La conferma del binomio Mattarella-Draghi nei ruoli istituzionali precedenti si è rivelata un argine per le conseguenze che potevano derivare dalla dissoluzione della maggioranza parlamentare che sostiene il governo in carica in occasione dell’elezione del nuovo presidente della Repubblica. Un passaggio valutato in modo positivo anche negli ambienti internazionali e dai mercati finanziari.
Ma lo scollamento tra le iniziative dei partiti e l’attività del Governo, rappresentato dal fallimentare tentativo di consolidare il ruolo delle coalizioni politiche nel corso delle trattative per l’elezione del nuovo presidente della Repubblica, rimane uno dei problemi principali per la governabilità dei percorsi che sono stati avviati con il Pnrr. Tema che non può essere liquidato contrapponendo una presunta saggezza dei parlamentari peones alla incapacità dei leader dei partiti.
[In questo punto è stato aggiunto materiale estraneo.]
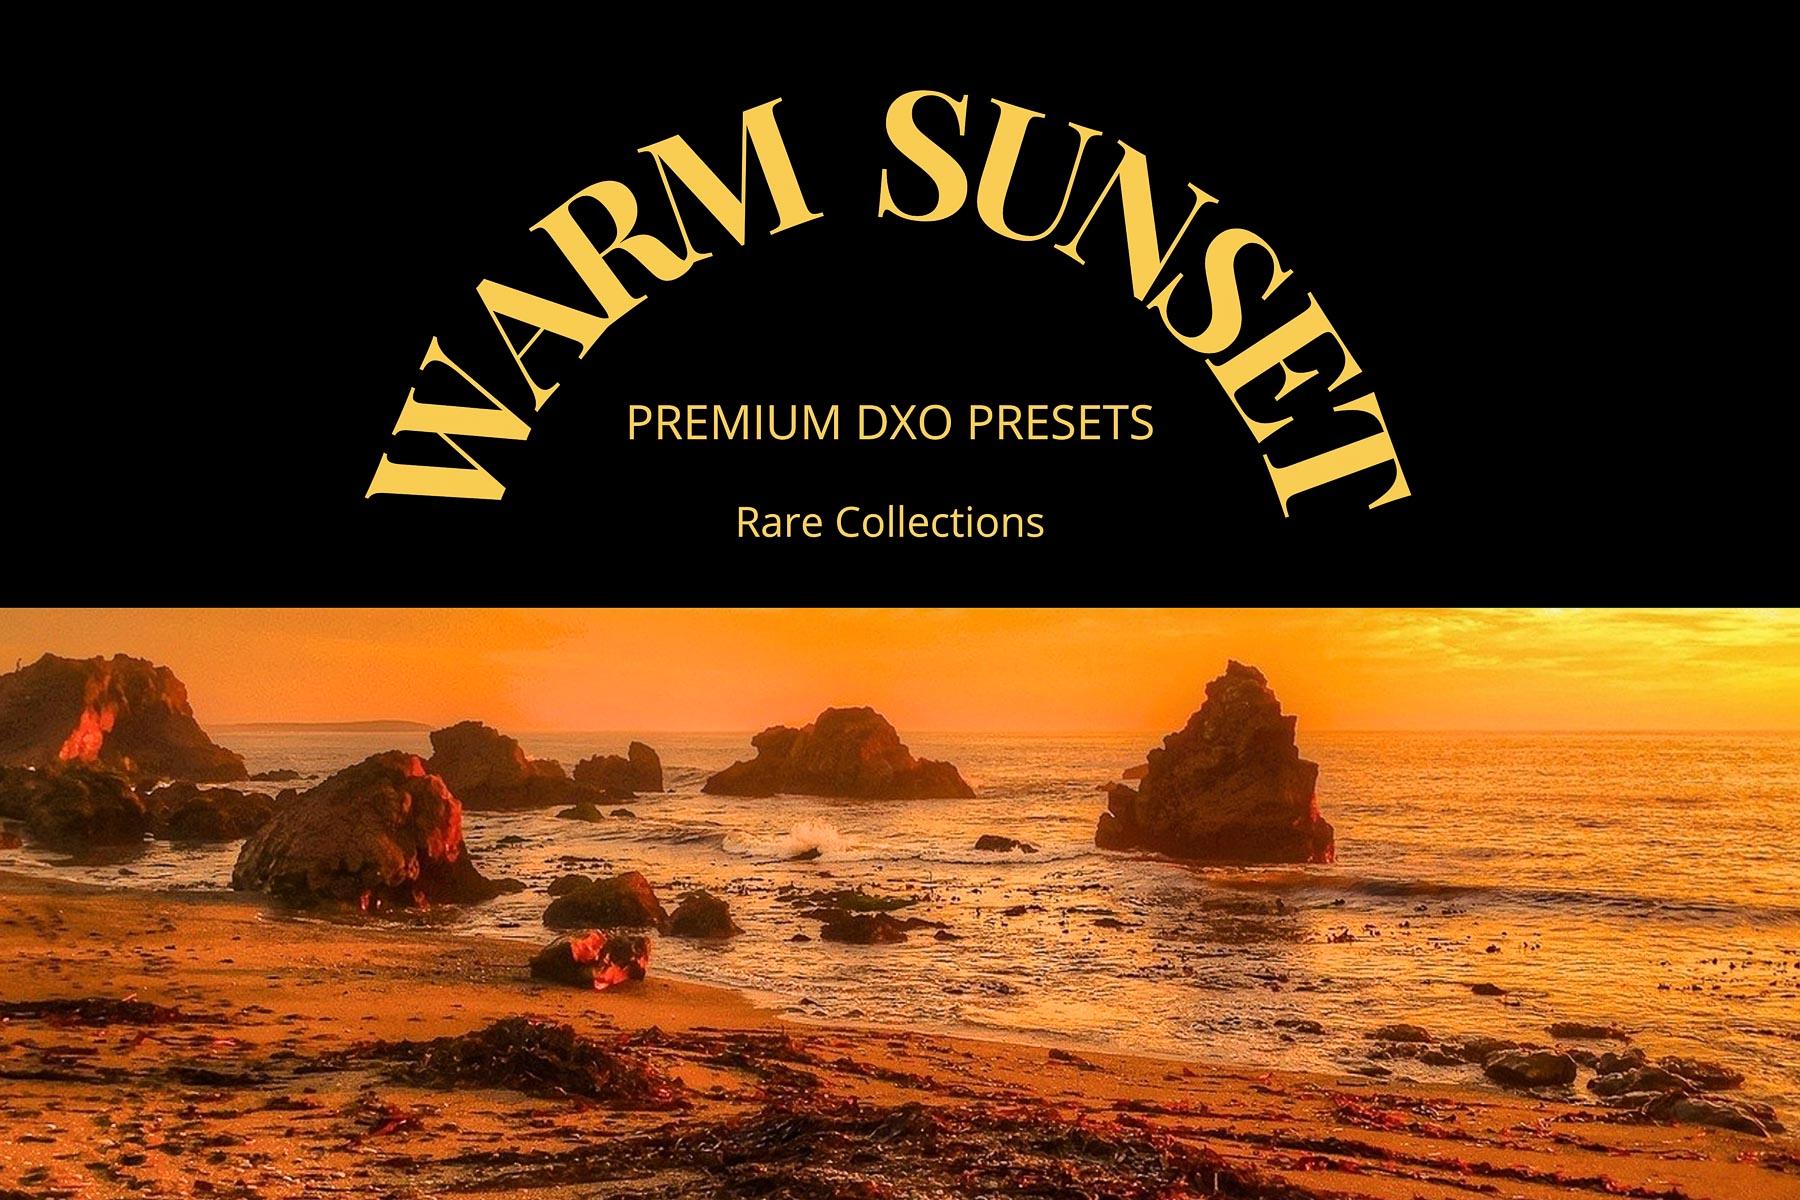 DxO Warm Sunset Presets from PixaFOTO.com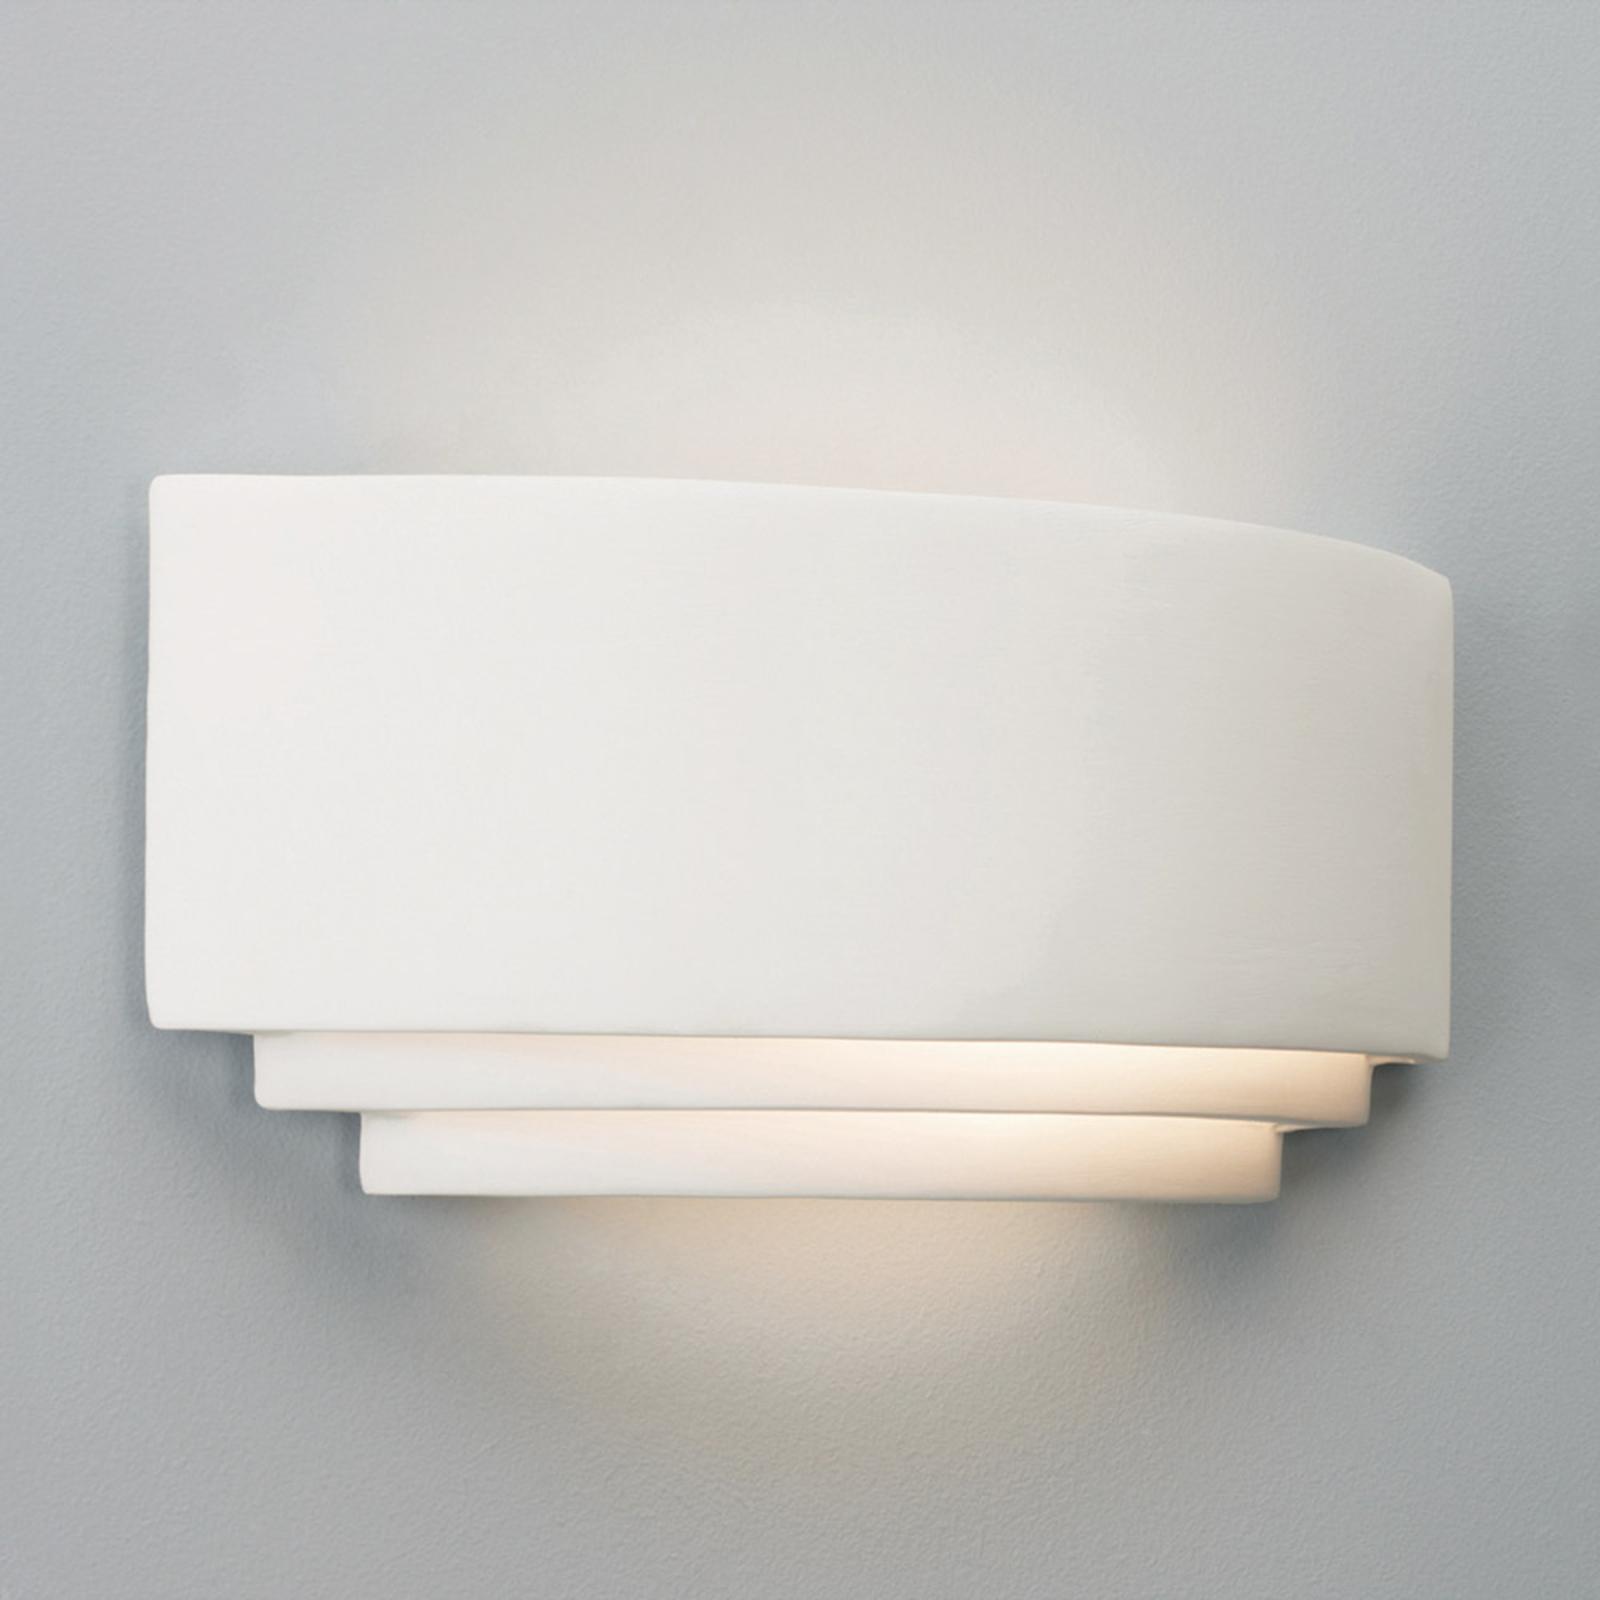 Prosta lampa ścienna AMALFI z ceramiki

Come abbiamo sottolineato in alcuni articoli precedenti, il Governo Draghi ha ampiamente corrisposto ai mandati che gli erano stati affidati: rafforzare l’efficacia degli interventi per il contrasto della pandemia, portare a regime il nuovo Pnrr e gli accordi con le istituzioni della Ue, accelerare i tempi della ripresa economica. Il presidente del Consiglio, nella conferenza di fine anno, ha giustamente rivendicato i risultati ottenuti, ma compiendo l’errore di rassicurare gli italiani riguardo la solidità del percorso avviato e della governance messa in campo per attuare il programma delle riforme. Un errore gravissimo, motivato dall’ansia di comunicare la propria disponibilità per una eventuale candidatura per il Quirinale e di rassicurare i partiti e l’opinione pubblica riguardo la solidità dell’azione del governo, a prescindere dalla sua permanenza alla guida dell’Esecutivo.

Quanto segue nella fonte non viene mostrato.